Тогда Мари осмелилась спросить:
— Юнна, у тебя что-то неладно?
— О чем ты? — спросила Юнна.
— У тебя что-то неладно.
— Вовсе нет. Я работаю. Работаю хорошо. Да и работа у меня спорится.
— Я знаю. Но на меня ты ведь не сердишься? Может, кто-то нахамил тебе?
— Нет, нет. Не знаю, о чем ты…
Юнна снова включила телевизор и села смотреть какую-то идиотскую программу с претензией на юмор, — программу, которая заставляет публику на экране все время смеяться.
Мари спросила:
— Хочешь кофе?
— Нет, спасибо!
— Что-нибудь выпьешь?
— Нет, если хочешь, налей себе сама.
— Пожалуй, я пойду домой, — сказала Мари и чуточку подождала, но Юнна не произнесла ни слова.

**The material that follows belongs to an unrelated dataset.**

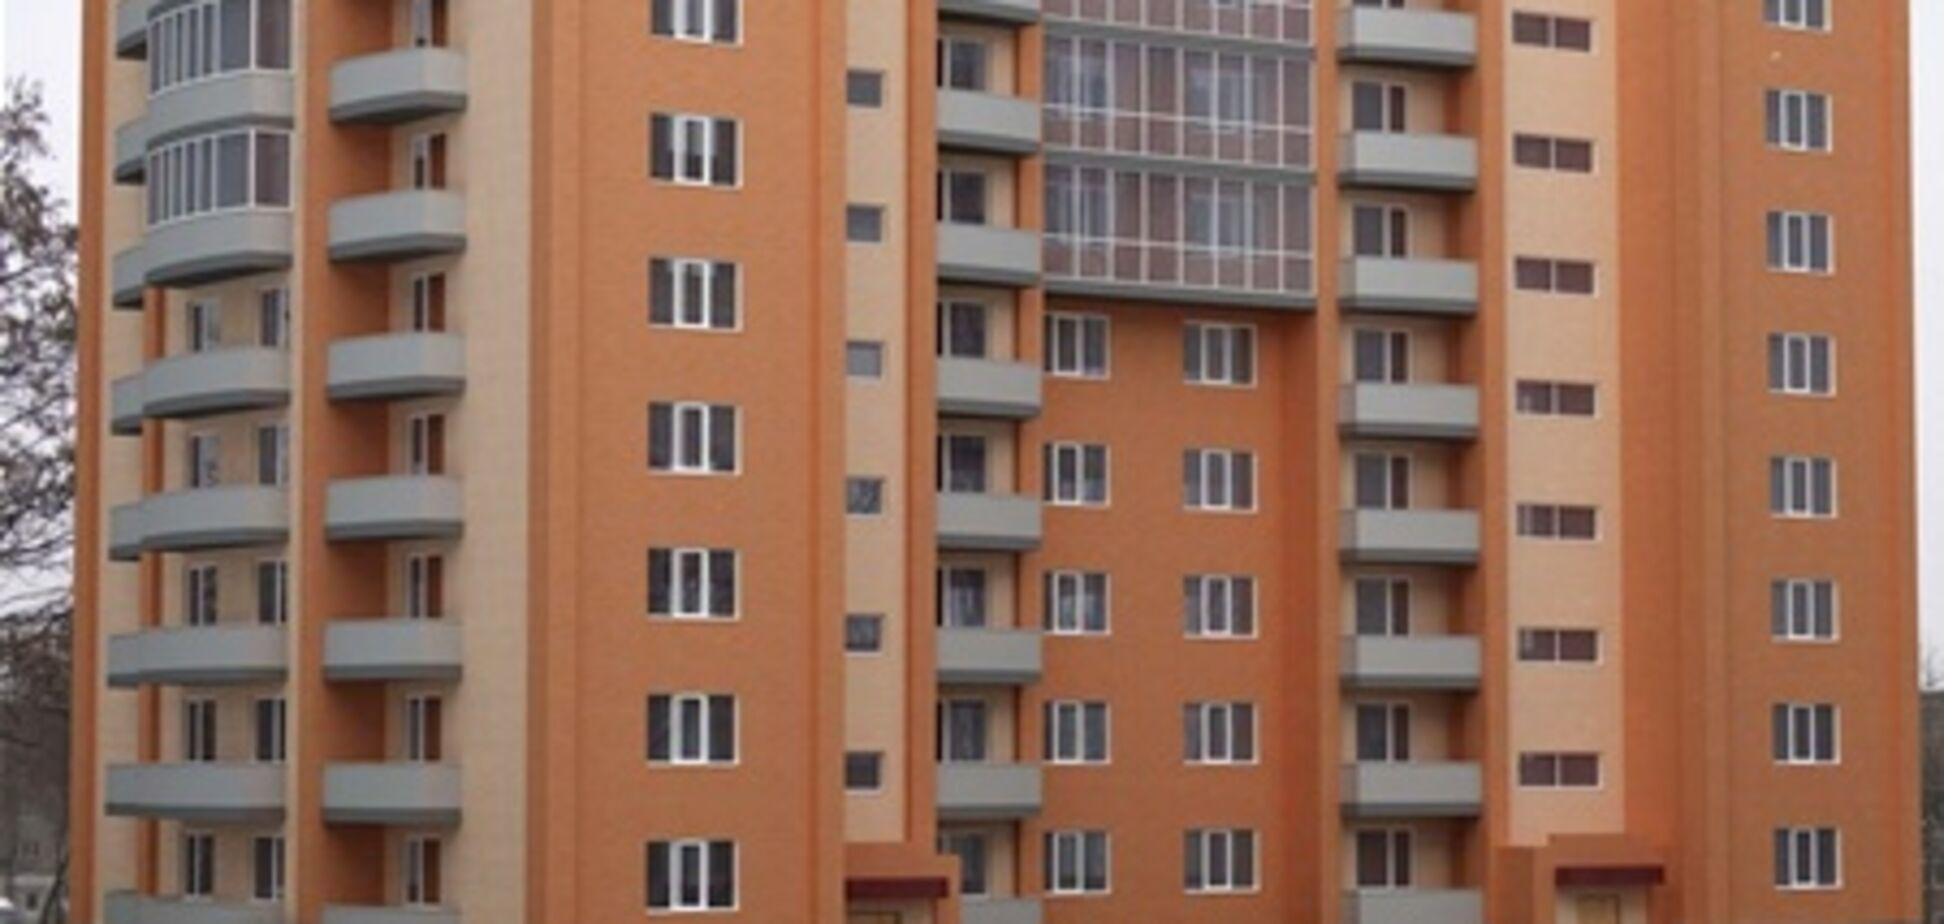 Сколько будут стоить квартиры в новостройках в новом году?

Тогда Мари налила себе в стакан спиртной напиток и после долгого раздумья сказала как можно выразительней: Юнна так дорога ей, что для нее, Мари, было бы совершенно невозможно остаться одной.

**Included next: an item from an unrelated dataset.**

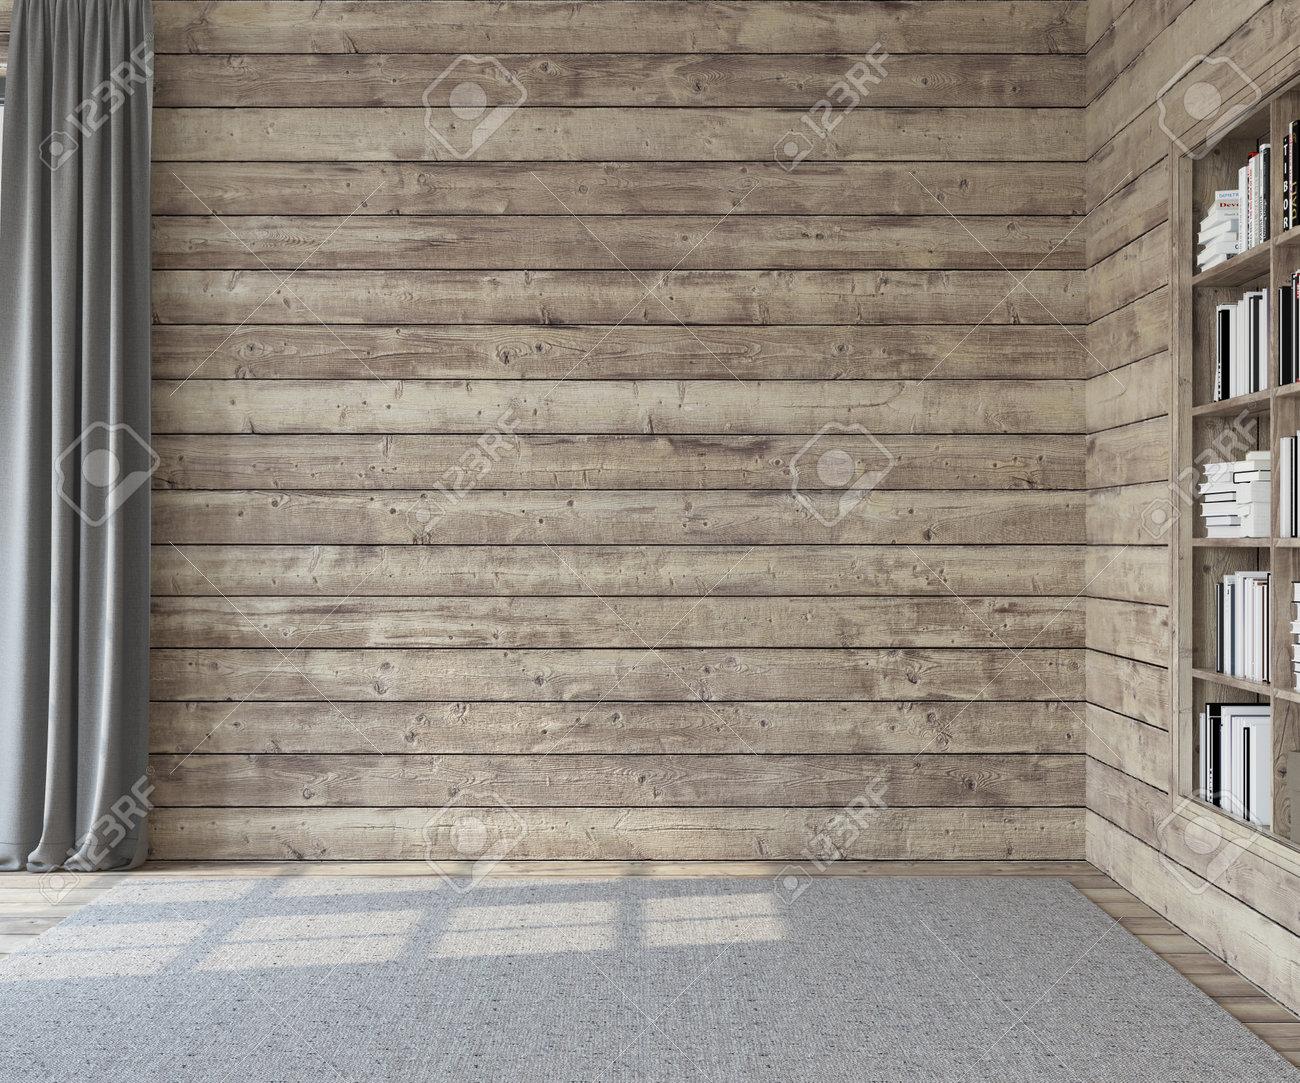 Interior. Empty room with wooden walls. 3d render. - 163984635

Но это оказалось ошибкой с ее стороны, совершеннейшей ошибкой… Юнна вскочила, выключила телевизор; все ускользающее, скрытое словно бы куда-то исчезло, и она воскликнула:
— Не говори так! Ты сама не знаешь, что говоришь! Ты доводишь меня до отчаяния! Оставь меня в покое!
Мари так ошарашили слова Юнны, что она, как ни странно, смутилась. Впрочем, они обе смутились. А потом стали очень вежливы друг с другом.
Мари сказала:
— Если ты не собираешься чуть свет начать работу, я вымою посуду утром. Хорошо?
Нет, Юнна начнет работу только где-то после десяти.
— Я не буду звонить, ты, верно, выключить телефон?
— Да, — сказала Юнна. — У тебя дома есть сок?
— Да, у меня дома есть сок. Пока!
— Пока!
Мари думала, что не сможет заснуть, но заснула мгновенно, не успев даже осознать, что она — несчастна. Только утром, когда постепенно начало вспоминаться вчерашнее, ей стало худо, ужасно худо. Каждое слово, сказанное Юнной, она повторяла до одурения. И вспоминала: с каким видом та его произносила, каким голосом — и так безжалостно; «как могла она сказать то, что сказала… почему, почему, почему?!. Она хочет избавиться от меня».
Мари кинулась в мансарду, в мастерскую Юнны, и, не обращая ни на что внимания, отбросив всякую дипломатию, закричала:
— Почему ты хочешь избавиться от меня?!
Юнна на минутку уставилась на нее, а потом, протянув письмо, сказала:
— Прочитай вот это!
— Я пришла без очков, — сказала разъяренная Мари. — Прочитай его сама, прочитай мне вслух!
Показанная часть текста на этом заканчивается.